La política demuestra lo que es el sector público, humo, la tía dacanpecho de haber perdido el 90% de escaños y el responsable de premio otros 4 años parasitando. 

Decidme una empresa privada que pierde el 90% de su valor y no se despide a los responsables


----------



## Omegatron (14 Feb 2022)

Antes me ponía. Ahora no da ni para paja


----------



## DRIDMA (14 Feb 2022)

Que se haga un favor y dimita.


----------



## Dj Puesto (14 Feb 2022)

Antiparticula dijo:


> Objetivamente un partido como ciudadanos es 100 veces mejor que la pp y 1000 veces mejor que la psoe.
> 
> No sé que interés teneis en destruirlos completamente.



Los votos de ciudagramos habrían supuesto 5 o 6 escaños más para vox por ejemplo. 

Además ese escaño único les garantiza subvenciones, carguitos, asesores.... Rosa Díez por lo menos tuvo dignidad y eso que el partido prometia más que esta banda que son mercenarios del que gobierne y vividores de lo público


----------



## Chatarrero (14 Feb 2022)

Ahí están estos y los de podemos, resistiendo que es gerundio.


----------



## Covaleda (14 Feb 2022)

Nunca debieron salir de Barcelona.


----------



## Nicors (14 Feb 2022)

Antiparticula dijo:


> Objetivamente un partido como ciudadanos es 100 veces mejor que la pp y 1000 veces mejor que la psoe.
> 
> No sé que interés teneis en destruirlos completamente.

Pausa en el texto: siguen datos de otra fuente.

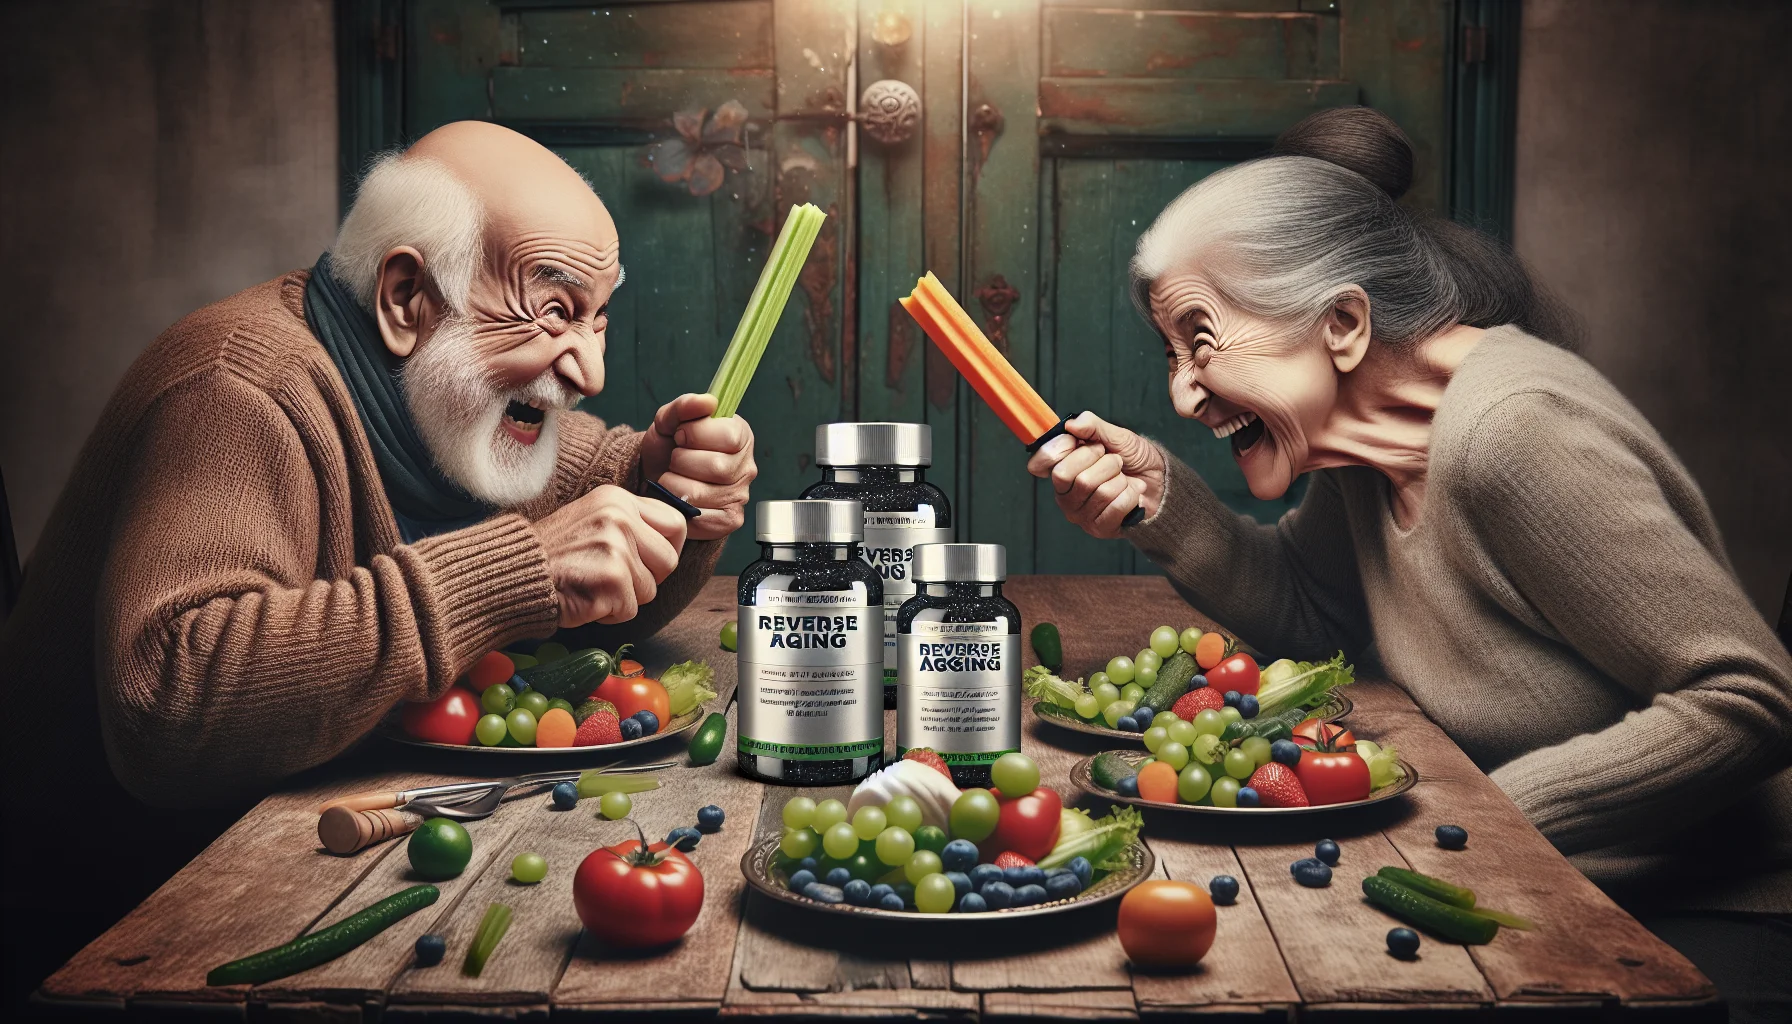 Visualize a humorous scenario where an elderly man and woman, of Hispanic and Middle-Eastern descent respectively, are sitting at a rustic dining table laden with plates of colorful, healthy food. The sparkling supplement bottles, labeled 'Reverse Aging', catch the light in the corner of the scene, as vibrant as the vegetables on the table. Despite their advanced age, they are engaged in a celery stick sword fight, doubling over with laughter. Their expressions are whimsical, and their eyes sparkle with youthful mischief, just as the bottles of supplements suggest they should.

El voto es soberano, se llama democracia. Búscate información.


----------



## das kind (14 Feb 2022)

Dj Puesto dijo:


> Los votos de ciudagramos habrían supuesto 5 o 6 escaños más para vox por ejemplo.
> 
> Además ese escaño único les garantiza subvenciones, carguitos, asesores.... Rosa Díez por lo menos tuvo dignidad y eso que el partido prometia más que esta banda que son mercenarios del que gobierne y vividores de lo público



A UPyD no se le perdonó que destapase varios casos de corrupción.

De las cosas internas del partido no hablo, que también hubo lo suyo.


----------



## das kind (14 Feb 2022)

Nicors dijo:


> El voto es soberano, se llama democracia. Búscate información.



Democracia es otra cosa; y votar es una ínfima parte de la misma.


----------



## Madafaca (14 Feb 2022)

Inés SEPEArrimadas.


----------



## CaCO3 (14 Feb 2022)

Antiparticula dijo:


> Objetivamente un partido como ciudadanos es 100 veces mejor que la pp y 1000 veces mejor que la psoe.



Para hacer apreciaciones cuantitativas, primero tendríamos que saber qué es cualitativamente Ciudadanos; y ni siquiera sabemos qué es.


----------



## Dj Puesto (14 Feb 2022)

das kind dijo:


> A UPyD no se le perdonó que destapase varios casos de corrupción.
> 
> De las cosas internas del partido no hablo, que también hubo lo suyo.



VOX podrá ser muchas cosas, incluso disidencia controlada, pero escuece y eso a priori es buen síntoma, Ciudadanos lo dejan vivir y si le permiten vivir es que es parte de la banda criminal. Lo de partido de centro así tipo UPyD no parece que funcione nunca en este país, no mientras exista la mafia del PP/PSOE que solo puedes estar con ellos o contra ellos.


----------



## brotes_verdes (14 Feb 2022)

Yo, aqui y ahora, me sigo preguntando exactamente que ofrece Cs al espectro político español.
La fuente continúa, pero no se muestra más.